Action State Machines

We have seen so far a way for tasks to emit events. That is, "export" synchronization points on top of which one can build. The action state machines is a powerful primitive that allows to combine actions temporally, leveraging the events to do so.

Concept

While they are called "state machines", the action state machines are between "pure" state machines and what has recently appeared in the ROS community under the "behavior tree" name. Which also had the name of HTNs before.

In an action state machine, a "state" is a combination of Syskit actions. Actions in this case can either be behaviours defined as Syskit definitions, action methods or other action state machines. Syskit will ensure that the set of actions associated with a state runs when that state is active, and only one state may be active at any given time (in a given action state machine … multiple state machines can run in parallel).

As an example, let's use a hypothetical docking maneuver. Medium range, the maneuver would use an approach that uses a global localization mechanism. When getting close, the system has to switch to a more precise system. The general behavior will be to

  • approach
  • stay in position until the more precise localization system is running and working
  • switch to the final docking maneuver

Action state machine example for docking

Declaration

Action state machines are declared in an action interface using the action_state_machine statement. As for action methods, they must be preceded by a "describe" statement that declares what the action does.

module MyApp
    module Actions
        class Navigation < Roby::Actions::Interface
            action_state_machine "docking" do
            end
        end
    end
end

States and transitions

A machine's state is based on a single action. Assuming that our docking's sequence coarse approach is a single profile definition called docking_coarse_approach, we would do

action_state_machine "docking" do
    coarse = state docking_coarse_approach_def
end

You must convert an action into a state object using the state statement, because the same action can be the basis of two different states (which would allow having different in/out transitions)

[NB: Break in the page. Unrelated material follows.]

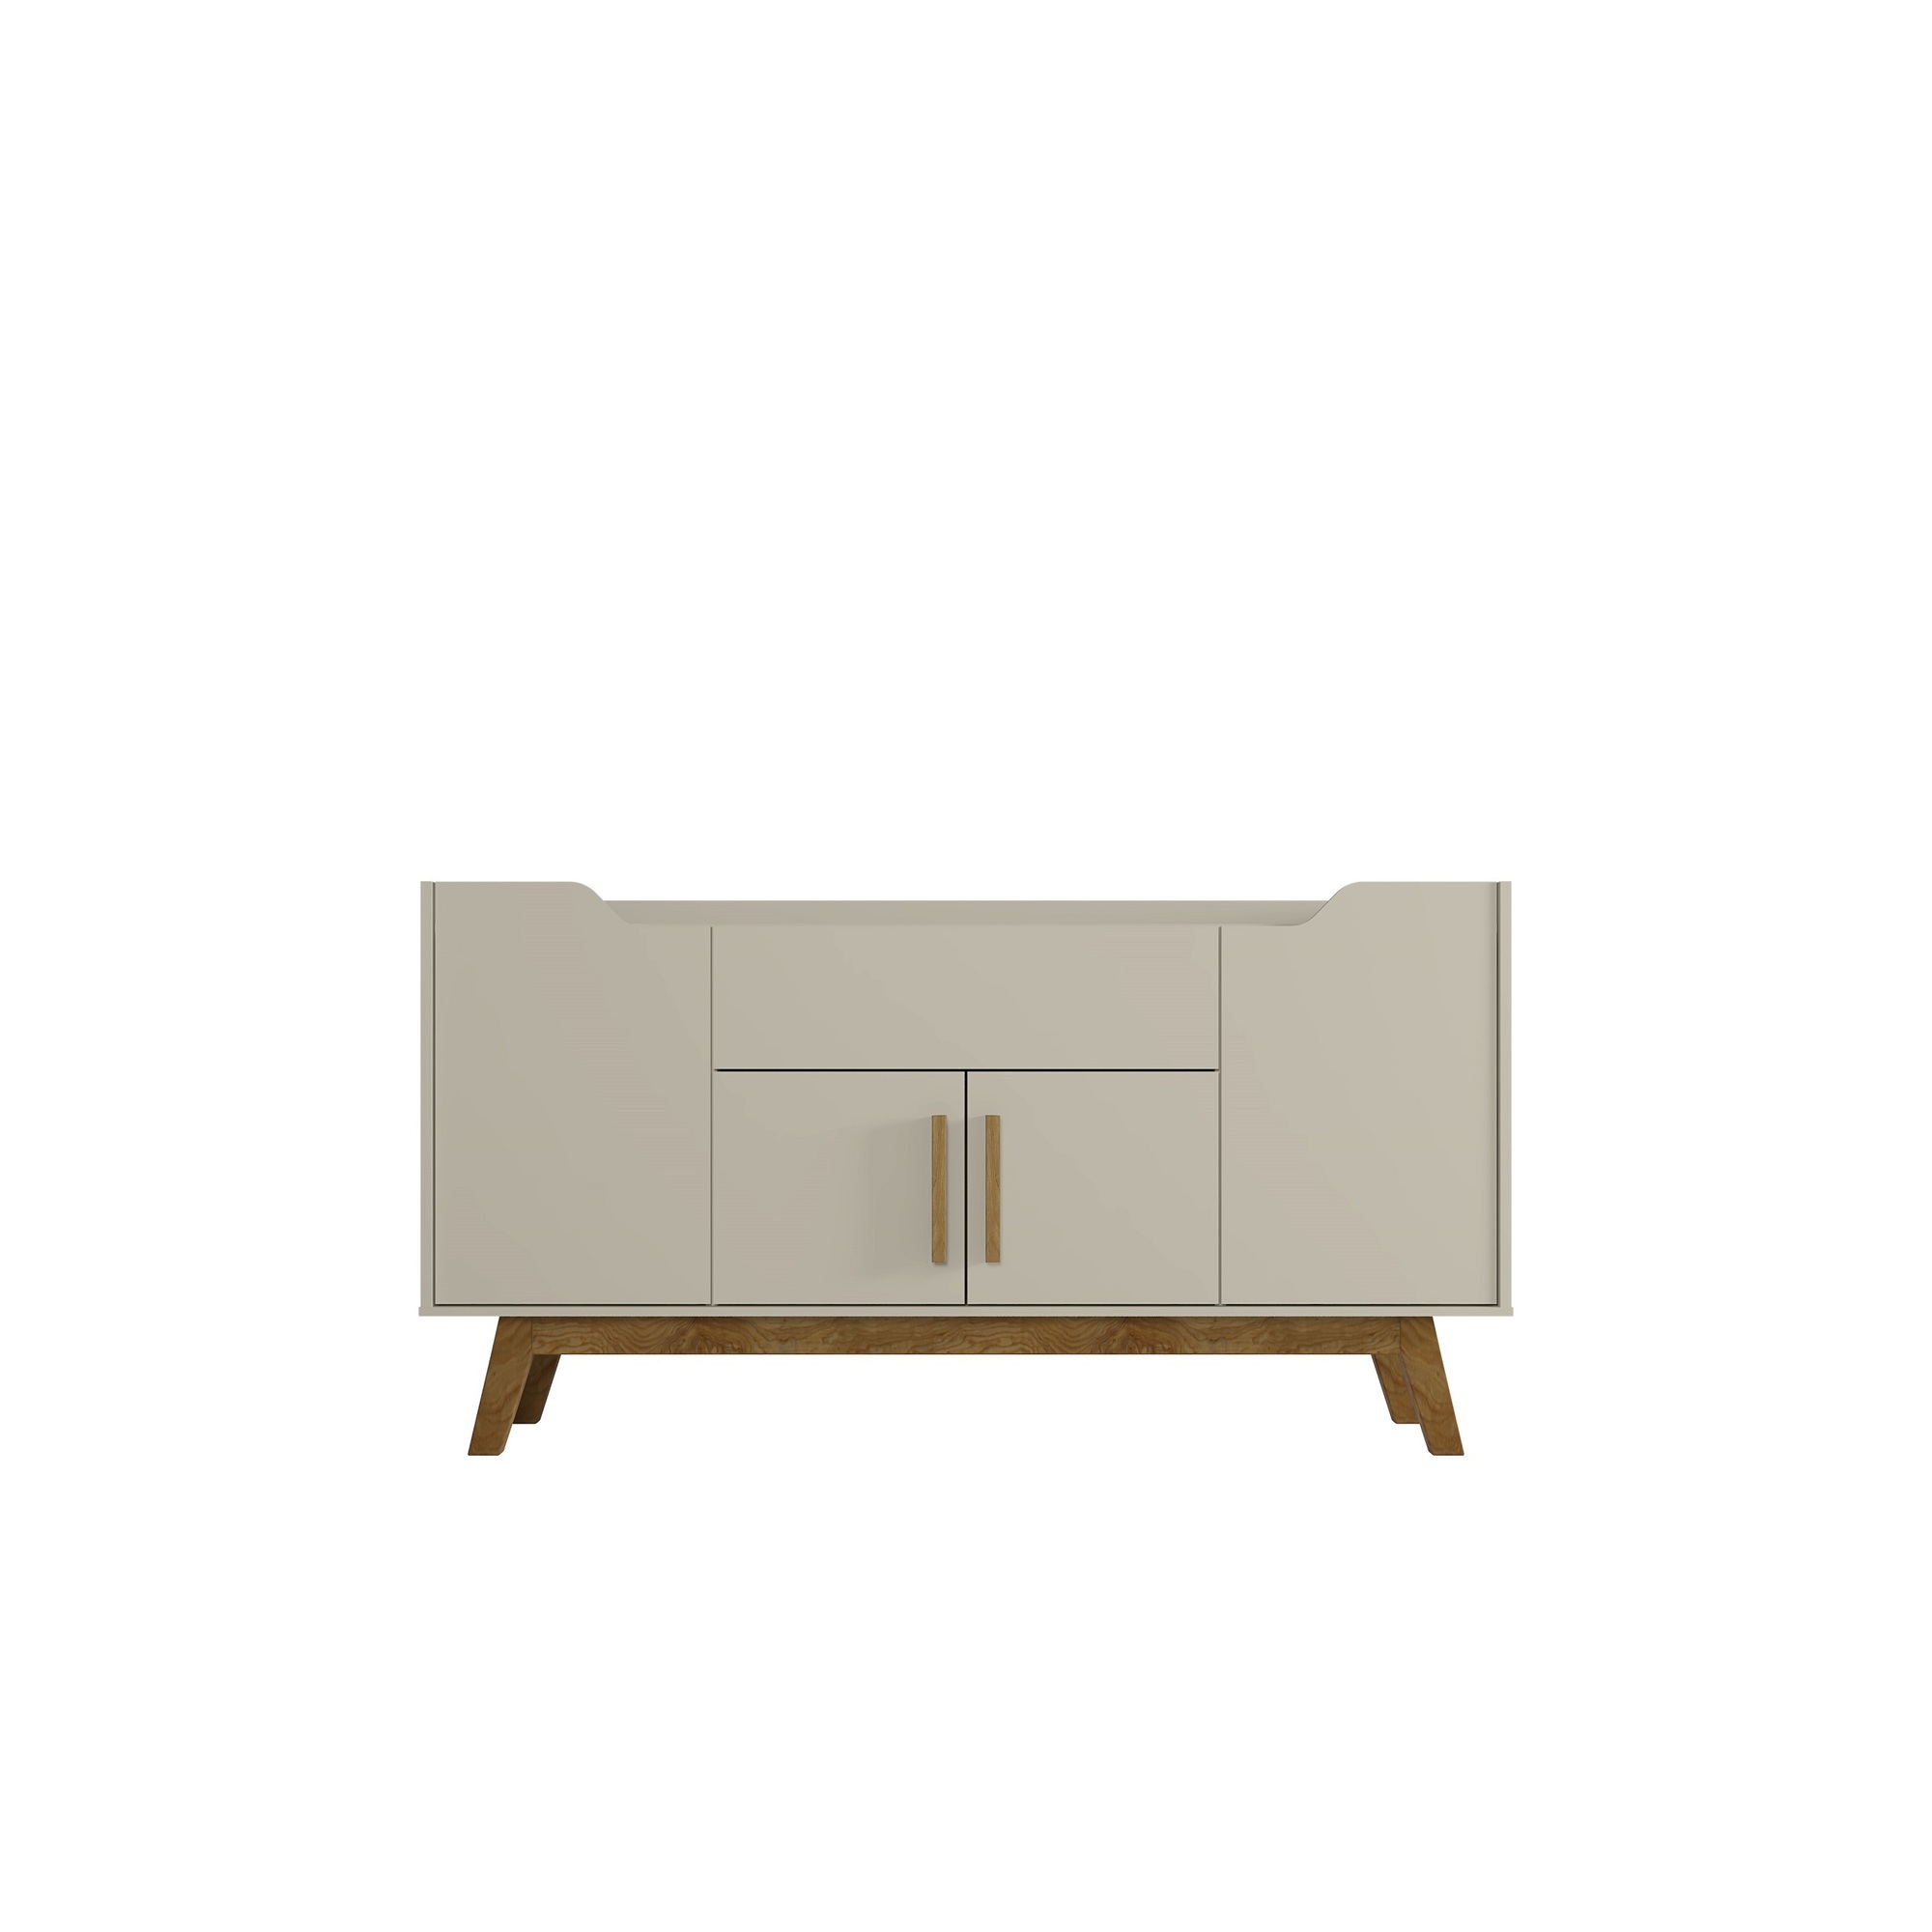 Manhattan Comfort, Addie 53.54 Sideboard with 5 Shelves in Off White, Width 53.54 in, Height 31.89 in, Depth 14.17 in, Model 244BMC

If we now assume that the station keeping and final approach actions are station_keep_def and final_approach_def, we would define our three main states with the following snippet. We also tell Syskit which state is the machine's start state:

action_state_machine "docking" do
    coarse = state docking_coarse_approach_def
    station = state station_keep_def
    final = state docking_final_approach_def

    start(coarse)
end

Let's now assume we have defined a reached_position event on the docking_coarse_approach_def action. This event can be the basis of the transition between coarse and station:

action_state_machine "docking" do
    coarse = state docking_coarse_approach_def
    station = state station_keep_def
    final = state docking_final_approach_def

    start coarse
    transition coarse.reached_position_event, station
end

The reached_position event should not be a terminal event for docking_coarse_approach, i.e. it should not be terminating the task. Syskit is far from being a realtime engine, so each action should have a "stable" end state. In this case, I would design coarse_approach to actually hover at the target point. It may make the station state useless unless station_keep does it better. We will see how we could do without the station keep action later.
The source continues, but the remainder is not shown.